Die Stadtverwaltung wird beauftragt, in Zusammenarbeit zwischen dem Schulamt, der Hochbauabteilung und den Schulleitungen für jede in der Trägerschaft der Stadt befindlichen Schule ein Schulentwicklungskonzept zu entwickeln, dass für jede einzelne Schule folgende Aspekte berücksichtigt:

(1) erforderlicher Bauunterhalt
(2) Modernisierung der bestehenden räumlichen und sächlichen Ausstattung
(3) Bedarf an zusätzlichen Räumlichkeiten

Nach Fertigstellung der einzelnen Konzepte sollen diese im Schulausschuss hinsichtlich Realisierung beraten werden.

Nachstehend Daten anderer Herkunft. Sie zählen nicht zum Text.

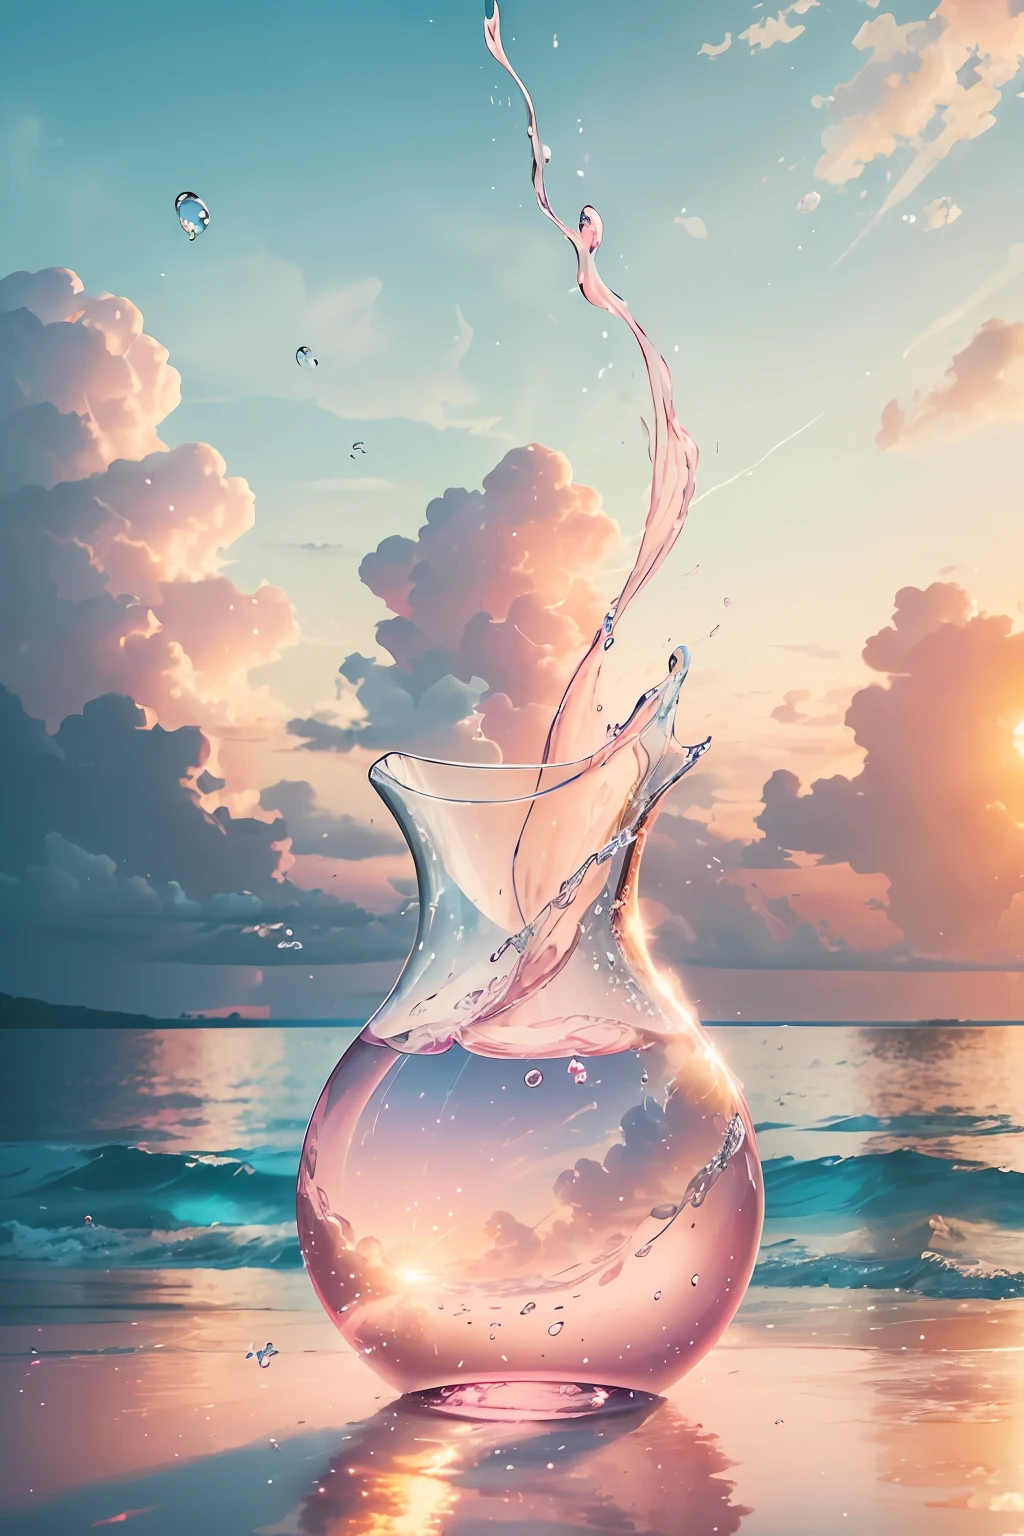 Создайте 4K 9:16 изображений, на которых изображен потрясающий восход солнца на тропическом пляже, с нежными волнами и пальмами вдоль побережья. Цветовая палитра должна быть яркой и передавать ощущение обновления и позитивной энергии..  Представьте себе вазу из прозрачного стекла, наполненную нежно-розовым облаком. Облако состоит из крошечных пузырьков, каждый из них отражает искру света. Вы можете видеть, что пузыри постоянно движутся, сдвиг и завихрение внутри вазы. Но, несмотря на их эфемерную природу, Они оставляют неизгладимое впечатление на самой вазе. Как свет проникает сквозь розовое облако, Он отбрасывает нежное свечение на стекло, изменение самой его сути. Так же, как пузыри, Моменты радости могут быть мимолетными и временными, Но впечатление, которое они оставляют на вашей душе, похоже на нежно-розовое облако, освещая само ваше существо и изменяя вас навсегда.

Da die oben genannten 3 Aspekte eines Schulentwicklungskonzepts schon einzeln für sich die finanziellen Möglichkeiten unserer Stadt sehr stark beanspruchen würden, ist es dringend erforderlich, dass sie für jede einzelne Schule zu einem Gesamtkonzept zusammengefasst werden, um die vorhandenen städtischen Finanzmittel effektiver zu nutzen. Eine konzeptlose und nicht koordinierte Vorgehensweise, wie sie z.T. in den letzten Jahren praktiziert wurde, würde nur unsere begrenzten finanziellen Möglichkeiten verschleudern.

Da die zukünftigen Veränderungen in unserer Schullandschaft hinsichtlich Orientierungsstufe in den nächsten Jahren noch nicht ganz überschaut werden kann, sollten die einzelnen Schulkonzepte zuerst bei den Grundschulen entwickelt werden, die nach dem derzeitigen Kenntnisstand von der Orientsstufe nicht direkt tangiert werden.